12h03 : Voici les principaux titres de l'actualité :

• Quatre personnes appartenant à l'ultradroite ont été mises en examen à Paris pour avoir projeté des actions violentes, a appris franceinfo de source judiciaire, confirmant une information de l’AFP.

"Nous manquons d'une stratégie à l'horizon 2050." Edouard Philippe lance son propre parti au Havre, pour élargir vers la droite le socle de soutiens à Emmanuel Macron.

La loi abolissant la peine de mort a été promulguée il y a 40 ans. "Le seul objectif, c'est l'abolition universelle", a déclaré l'ancien ministre de la Justice Robert Badinter sur Europe 1.

Le milieu des Bleus Adrien Rabiot, testé positif au Covid-19, a été "placé à l'isolement". Il ne pourra pas disputer la finale de Ligue des nations demain contre l'Espagne, a annoncé la FFF.

10h58 : "J'avais une telle frayeur d'entendre prononcer la peine de mort. Ça a été un soulagement tel que j'ai eu l'impression que j'allais m'évanouir."
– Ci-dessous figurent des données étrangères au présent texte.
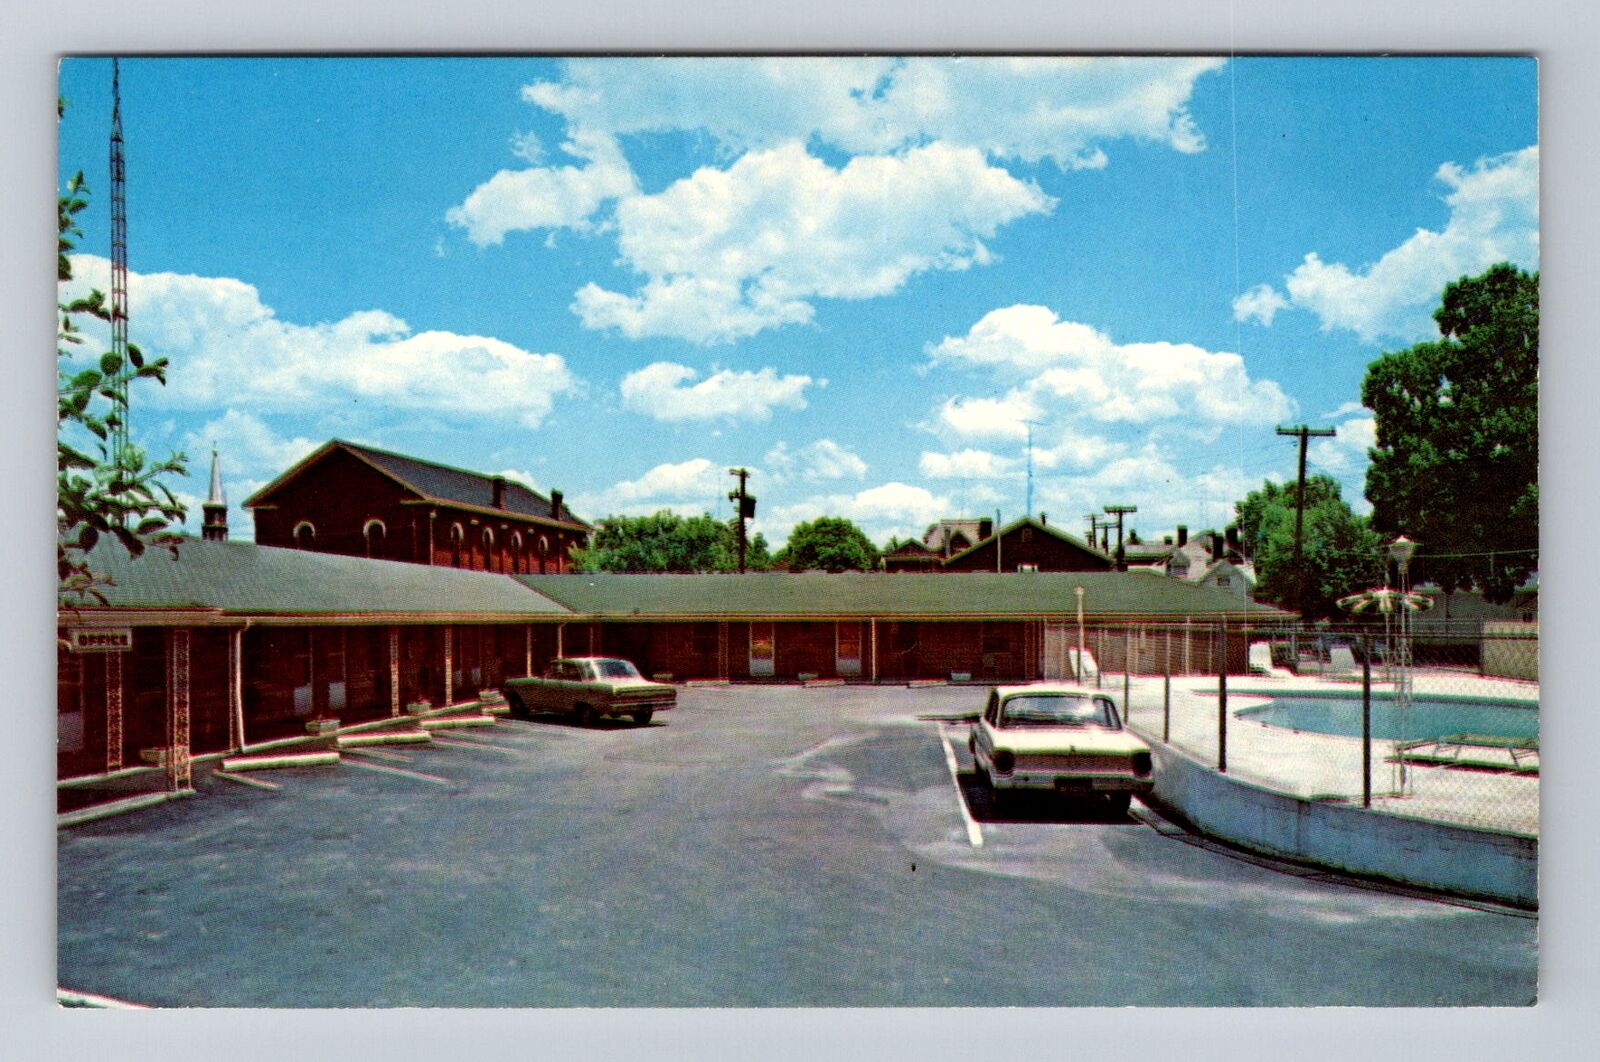 Paris KY-Kentucky, Craycraft Motel Advertising, Vintage Souvenir Postcard

Le 9 octobre 1981, la loi abolissant la peine de mort était promulguée. Avant cela, de nombreux avocats se sont battus pour éviter à certains condamnés la peine capitale. Ce fut le cas d'Alain Fraitag, qui a sauvé son client Maurice Hincellin de la guillotine en 1972. Il raconte cet épisode à franceinfo.

L'avocat Alain Fraitag, en octobre 2021. (FARIDA NOUAR)

FARIDA NOUAR / RADIO FRANCE

09h47 : "La peine de mort a toujours été l'apanage ou l'expression des dictatures. Il est évident que si nous avions de nouveau une dictature en France, la peine de mort serait rétablie en même temps que les libertés seraient supprimées, les droits de l'homme balayés etc. C'est une constante de l'histoire de la peine de mort d'être inhérente aux régimes totalitaires."



L'ancien ministre de la Justice, Robert Badinter, était invité sur Europe 1, ce matin, à l'occasion des 40 ans de la promulgation de la loi abolissant la peine de mort.

09h42 : Voici les principaux titres de l'actualité :

La loi abolissant la peine de mort a été promulguée il y a 40 ans. "Le seul objectif, c'est l'abolition universelle", a déclaré l'ancien ministre de la Justice Robert Badinter sur Europe 1.

Quinze mois après son départ de Matignon, Edouard Philippe lance son propre parti au Havre, pour élargir vers la droite le socle de soutiens à Emmanuel Macron.

• Une cour d'appel fédérale a permis au Texas de rétablir sa loi interdisant la majorité des avortements, deux jours après le blocage de ce texte controversé.

• Un accord a été trouvé entre 136 pays pour une taxation minimale à 15% des multinationales. L'Irlande, l'Estonie et la Hongrie ont finalement donné leur feu vert.